The “automatic stay” is a powerful aspect of filing for bankruptcy. It acts as an immediate shield, protecting you from creditors the moment your bankruptcy case is initiated. This protection typically lasts for the duration of your case, providing relief from various forms of creditor pressure. It halts actions that diminish your income, such as wage garnishment, and prevents imminent threats to your property, including vehicle repossession and home foreclosure. Additionally, it puts an end to harassing creditor calls and collection letters.
Losing the Automatic Stay: How and Why?
There are two primary ways you might lose the automatic stay:
- Creditor’s Motion for Relief: A creditor may request the court to lift the automatic stay regarding their debt, allowing them to proceed with collateral possession. This is more common among secured creditors, like those of vehicles or mortgages, seeking to reclaim their collateral. The court only grants such requests under specific legal circumstances.
- Previous Bankruptcy Filings: If you’ve had a bankruptcy case dismissed within the year prior to your current filing, the automatic stay’s protection becomes limited. For a single dismissed case, the automatic stay will expire 30 days after your new filing, unless you can prove the filing was made in good faith.

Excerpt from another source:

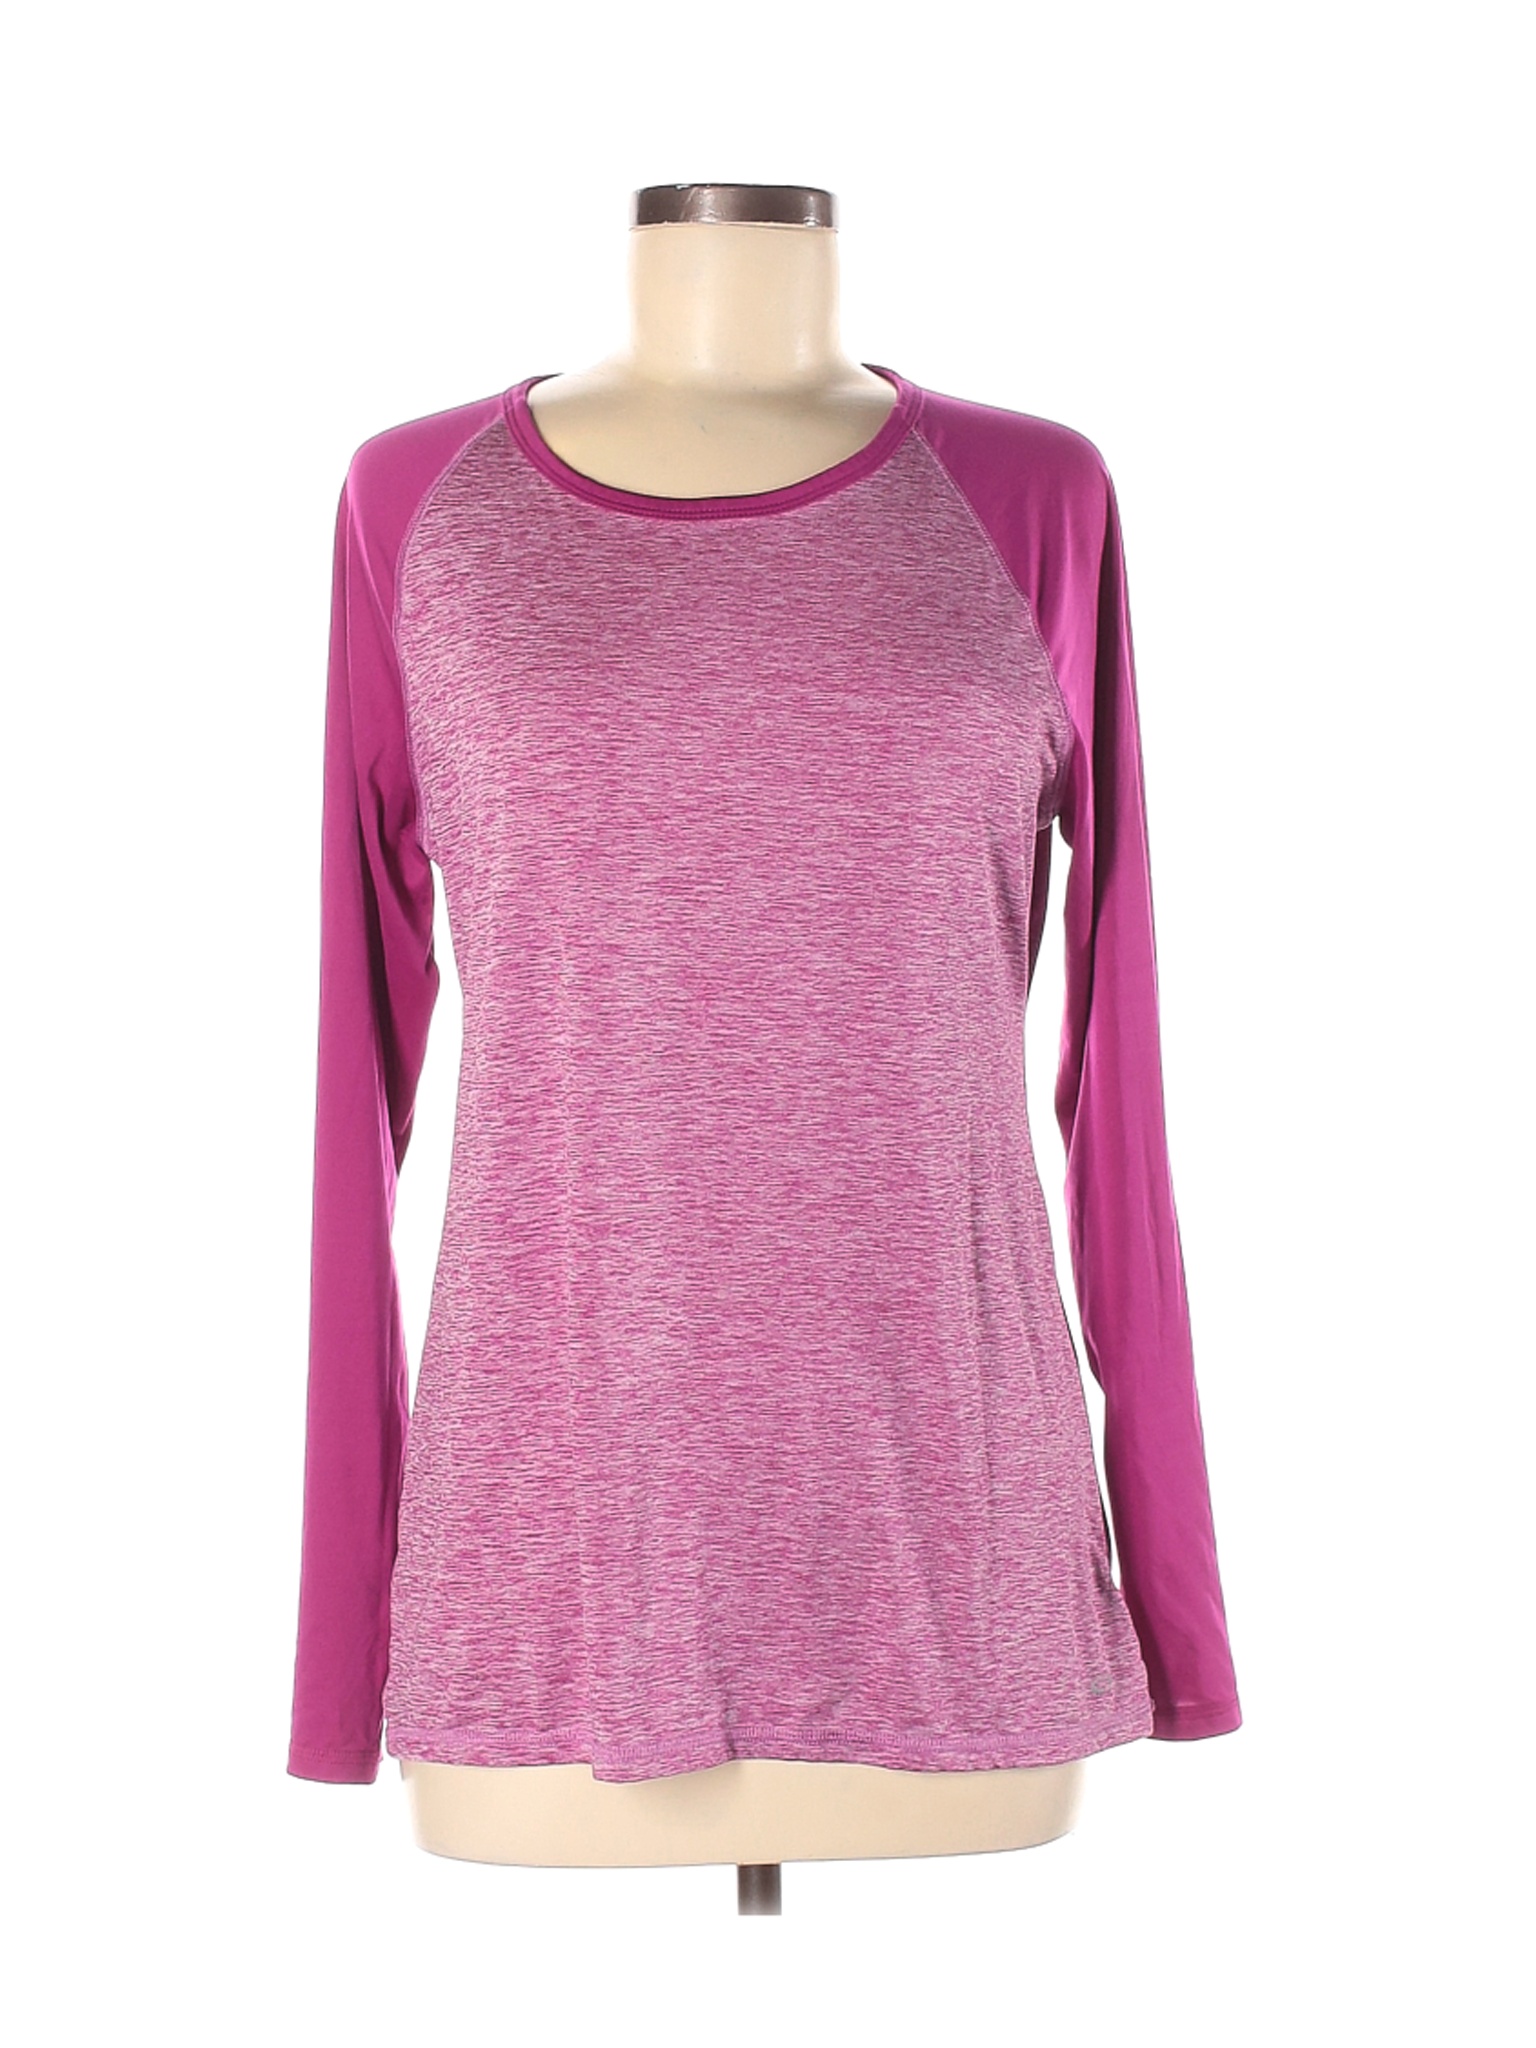 Champion Women Purple Active T-Shirt M | eBay

If there were two or more dismissals, the automatic stay wouldn’t apply automatically but could be reinstated if you demonstrate good faith within 30 days of your new filing.
The Rule on Prior Bankruptcies and the Automatic Stay
- Single Prior Dismissal: If you had one bankruptcy case dismissed within a year before your current filing, the automatic stay activates upon filing but will end after 30 days unless extended by the court for good faith.
- Multiple Prior Dismissals: If you had two or more dismissals within a year, the automatic stay does not apply upon your new filing. However, you can request the court to impose the stay, proving your case was filed in good faith.
Good Faith: A Higher Burden of Proof
To extend or impose the automatic stay, demonstrating good faith becomes crucial, especially under certain conditions from previous cases, such as failure to comply with the Bankruptcy Code or court orders. The standard of proof varies, with a higher burden in specific scenarios. Normally, good faith is proven by a preponderance of the evidence (just over 50% likelihood), but under more severe circumstances, clear and convincing evidence is required, indicating a higher probability of good faith.
The Bottom Line
Despite the complexities, if you’ve had prior bankruptcies that were dismissed, there’s still a significant chance to convince the court to apply or extend the automatic stay. However, navigating these waters successfully often requires the foresight and expertise of a knowledgeable attorney who can prepare and argue your case effectively.
This nuanced understanding of the automatic stay and the potential hurdles due to prior bankruptcy filings is crucial for anyone considering bankruptcy as a solution to financial distress. With the right legal guidance, you can navigate these complexities and maximize the protections offered by the bankruptcy process.